Mar 26, 2020 • 17min
COVID-19, communities in need
Since the COVID-19 pandemic hit, Kim Bui, director of audience innovation at the Arizona Republic, has looked to her readers to help guide the paper’s coverage. Bui says she texts with her readers and works in real time to find the answers they need.On this week’s Kicker, Kyle Pope, editor and publisher of CJR, speaks with Bui and Mathew Ingram, CJR’s chief digital writer, on how newsrooms have struggled to create a two-way conversation with their readers in the past. Without time for cautious planning, papers may learn how to serve their communities best.

Mar 12, 2020 • 23min
Local media and COVID-19: the canary in the coalmine
When an outbreak like the Covid-19 pandemic hits, local journalists serve as first responders for global surveillance efforts. Elisabeth Rosenthal was a young physician when the AIDS epidemic hit New York City; she later covered the SARS crisis in China for the New York Times. Samantha Pak is senior editor at the Kirkland Reporter, the local paper covering Life Care Center nursing home, where 19 residents have died from the coronavirus. On this week’s Kicker, Rosenthal, who is editor-in-chief of Kaiser Health News, and Pak speak with Kyle Pope, editor and publisher of CJR, about the advantage of the local news template and what happens when we substitute politics for science.

Mar 5, 2020 • 22min
When the circus comes to town: The Storm Lake Times in Iowa
Hillary Clinton and Donald Trump didn’t visit towns like Storm Lake, Iowa in 2016. This election cycle, things are much different. Art Cullen, editor and co-owner of the Storm Lake Times, and winner of the 2017 Pulitzer for Editorial Writing, has interviewed 15 presidential candidates, including Elizabeth Warren, Bernie Sanders, Joe Biden, and Pete Buttigieg. On this week’s Kicker, he talks to Kyle Pope, editor and publisher of CJR, about what national political reporters get wrong and what they should be focused on instead.Cullen is the author of “Storm Lake: Change, Resilience, and Hope in America’s Heartland” (Penguin, 2018)

Feb 28, 2020 • 20min
A war correspondent covers the climate crisis
Kadir van Lohuizen reports on the climate crisis with the same techniques he brought to his work as a war correspondent. His photography, video, and written work focus on the point of conflict between the crisis and human life.

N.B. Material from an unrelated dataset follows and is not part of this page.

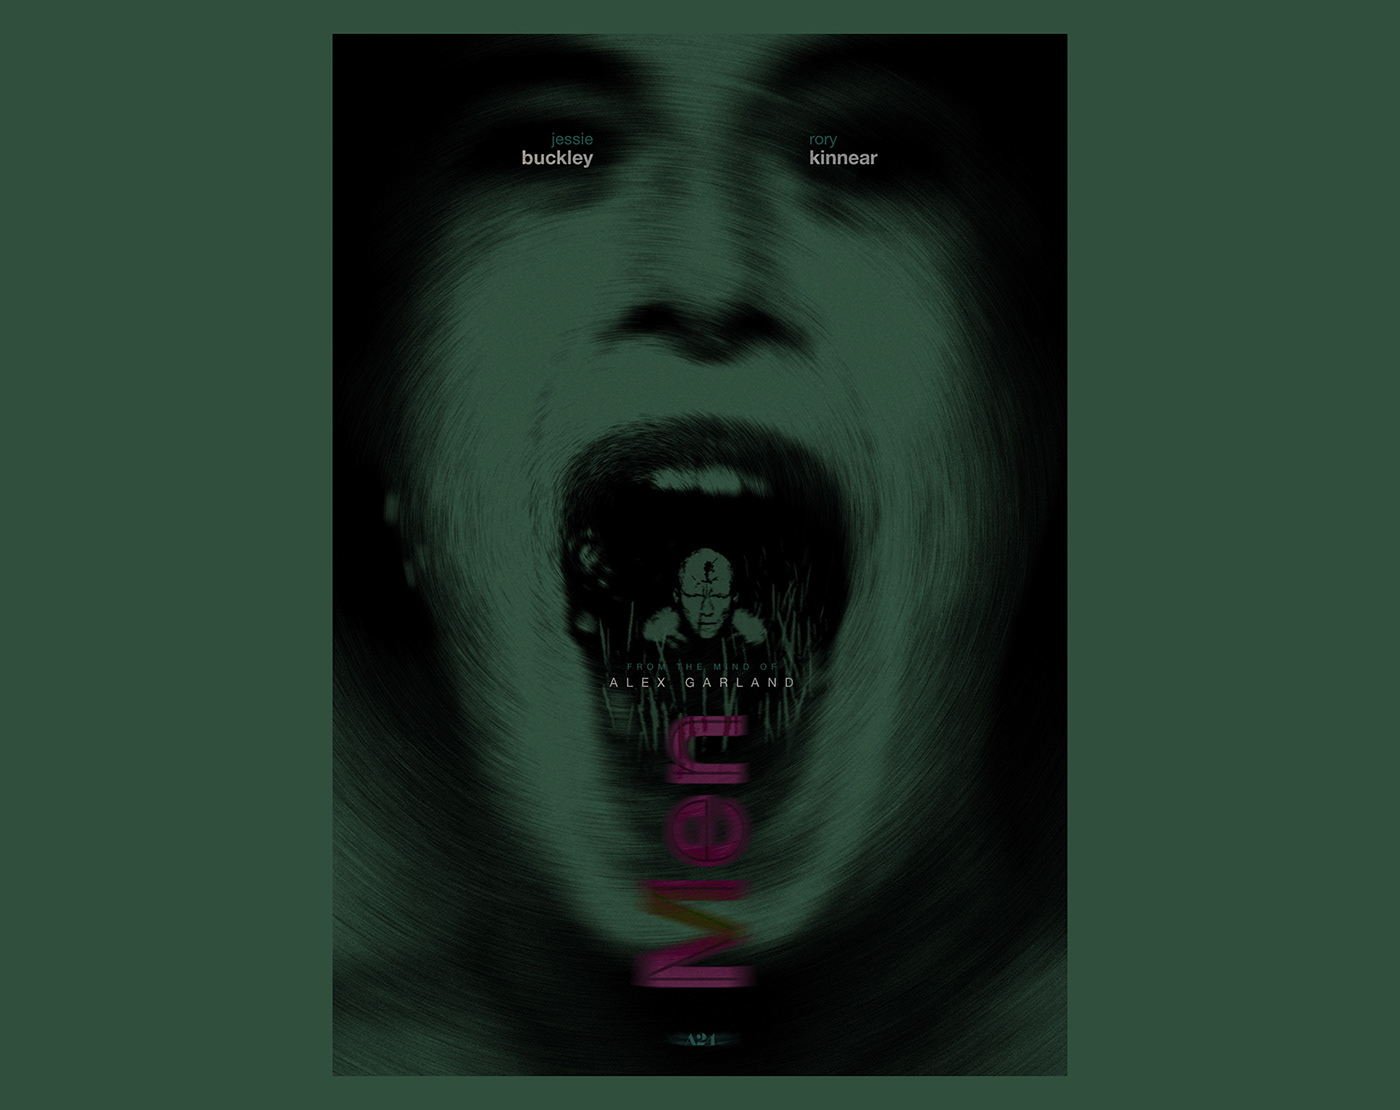 alex garland alternative poster artwork Jessie Buckley men movie movie poster poster Rory Kinnear thriller

This week, Kyle Pope, editor and publisher of CJR, speaks with van Lohuizen about what kind of climate disaster coverage inspires real action.

Feb 20, 2020 • 16min
Family leave and the diversity edge
Jess Brammar is the new editor in chief of HuffPost UK. She is also 7 months pregnant. When it comes to family leave policy, American news outlets lag behind their European counterparts. On this week’s Kicker, Brammar joins Kyle Pope, the editor and publisher of CJR, to discuss that difference and how family leave might just give newsrooms the diversity they need to survive.